L'apporto registico può forse essere stato determinante anche per la compiuta riuscita di uno degli aspetti più sbalorditivi del film: THE FORGOTTEN KINGDOM infatti (devo dire inaspettatamente e insperatamente) è recitato in maniera splendida in primis dai due giovani protagonisti, entrambi provenienti dal florido panorama delle serie televisive sudafricane. Zenzo Ngqobe (Atang) ha già avuto modo di partecipare a produzioni importanti come BLOOD DIAMOND e IL SUO NOME È TSOTSI e regge l'intero film sempre in scena dando corpo a una trasformazione che passa da rabbia e diffidenza a un atteggiamento di riflessione, dubbio e scoperta, senza abbandonare il rigore anche nei momenti più commoventi. Nozipho Nkelemba (Dineo) invece interpreta con partecipazione assoluta alcuni dei momenti più intensi della storia (le lotte orgogliose di Dineo col padre, il rapporto con la sorella malata), ma l'attrice dimostra anche una splendida varietà di toni nel dar vita agli aspetti più affascinanti e calorosi con cui Dineo coinvolge Atang in un naturale percorso di cambiamento intimo.

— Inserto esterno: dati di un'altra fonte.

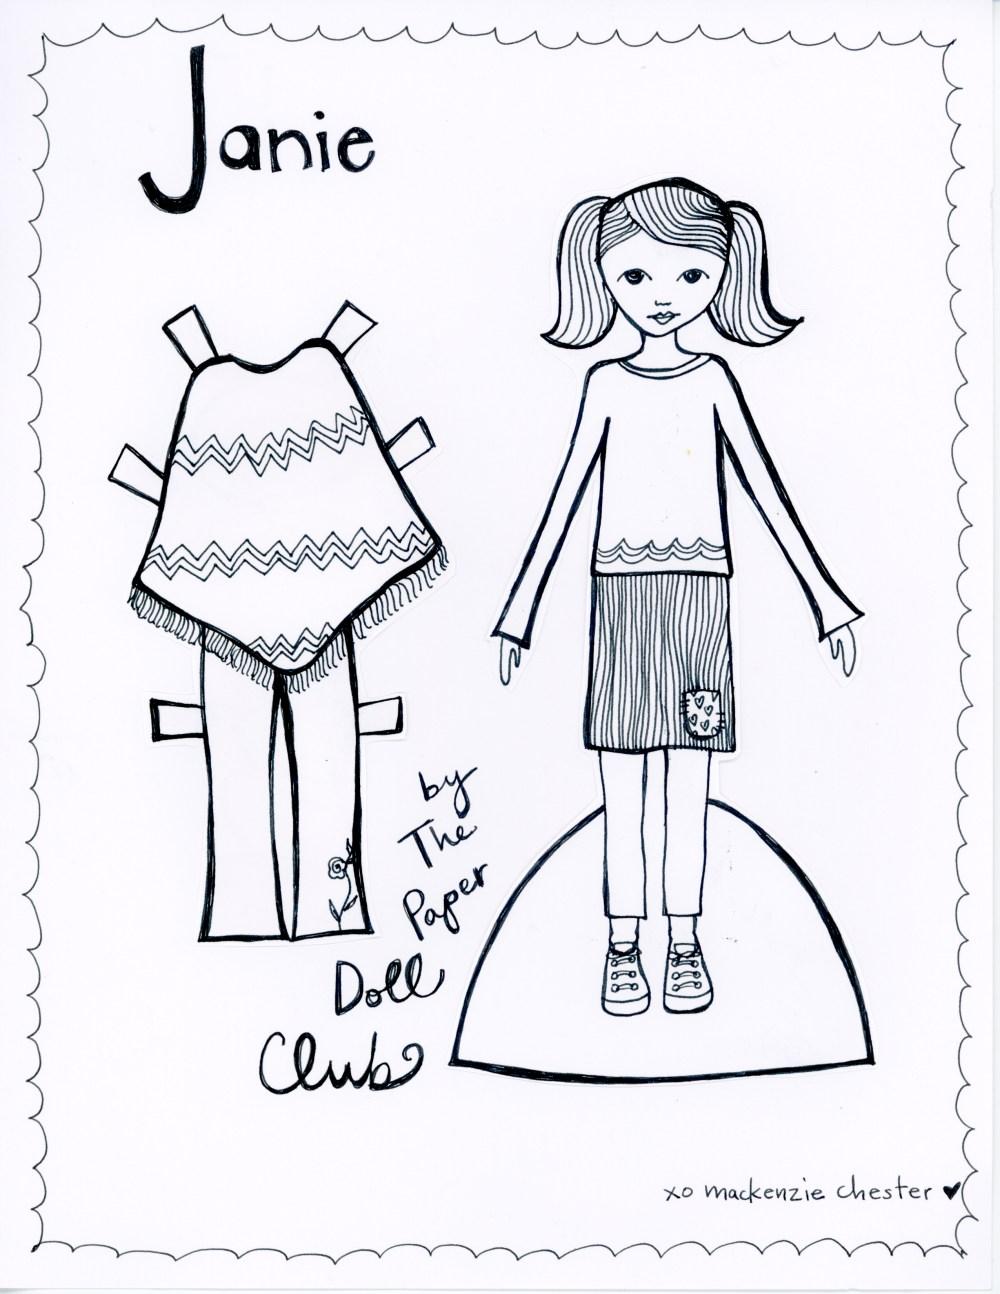 Janie copy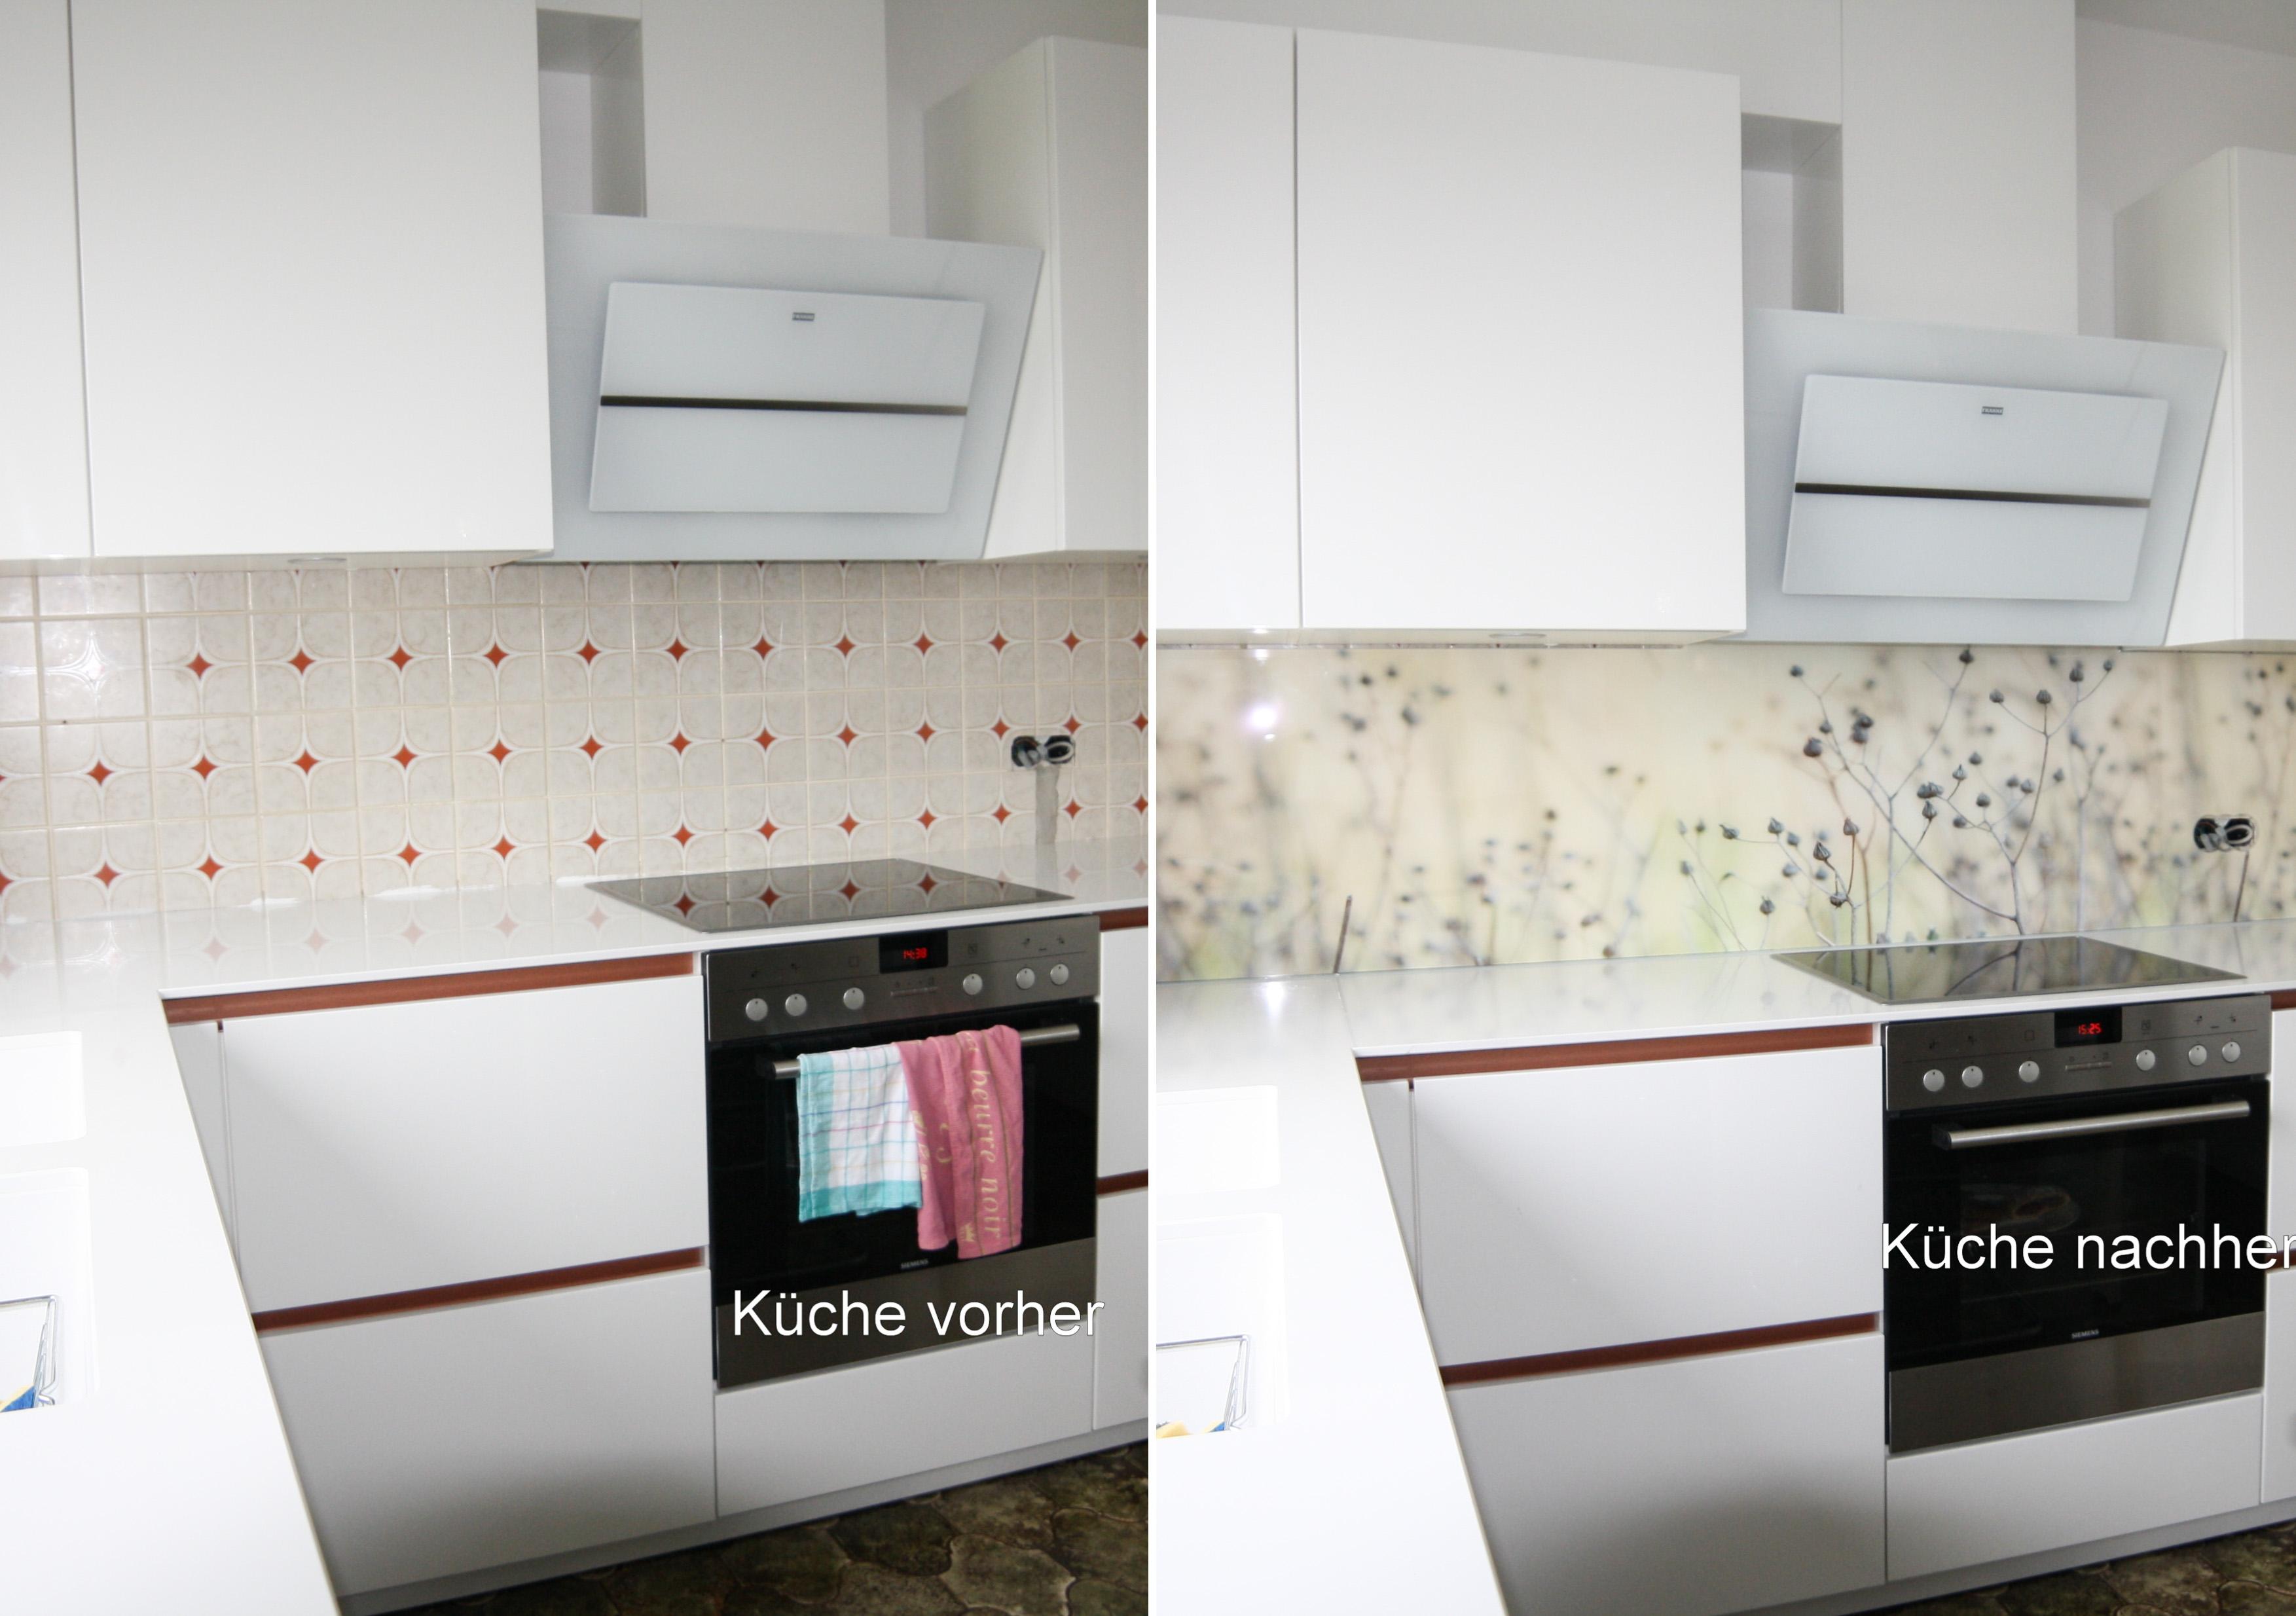 Küchenrückwände – Glas Schuhmann

È in questi due personaggi che risiede forse il senso più vero del film: il venirsi incontro, il cedere ciascuno qualcosa accompagnando l'altro verso la propria posizione, avvicinando così un presente troppo veloce e irruento a un passato per cui occorrono sensi acuti e guide esperte. E questo è anche l'atteggiamento che ha animato tutti quelli che hanno contribuito alla realizzazione di THE FORGOTTEN KINGDOM disponendosi a dare il meglio della propria esperienza mentre accoglievano quel che altre vite e altre terre avevano da offrire.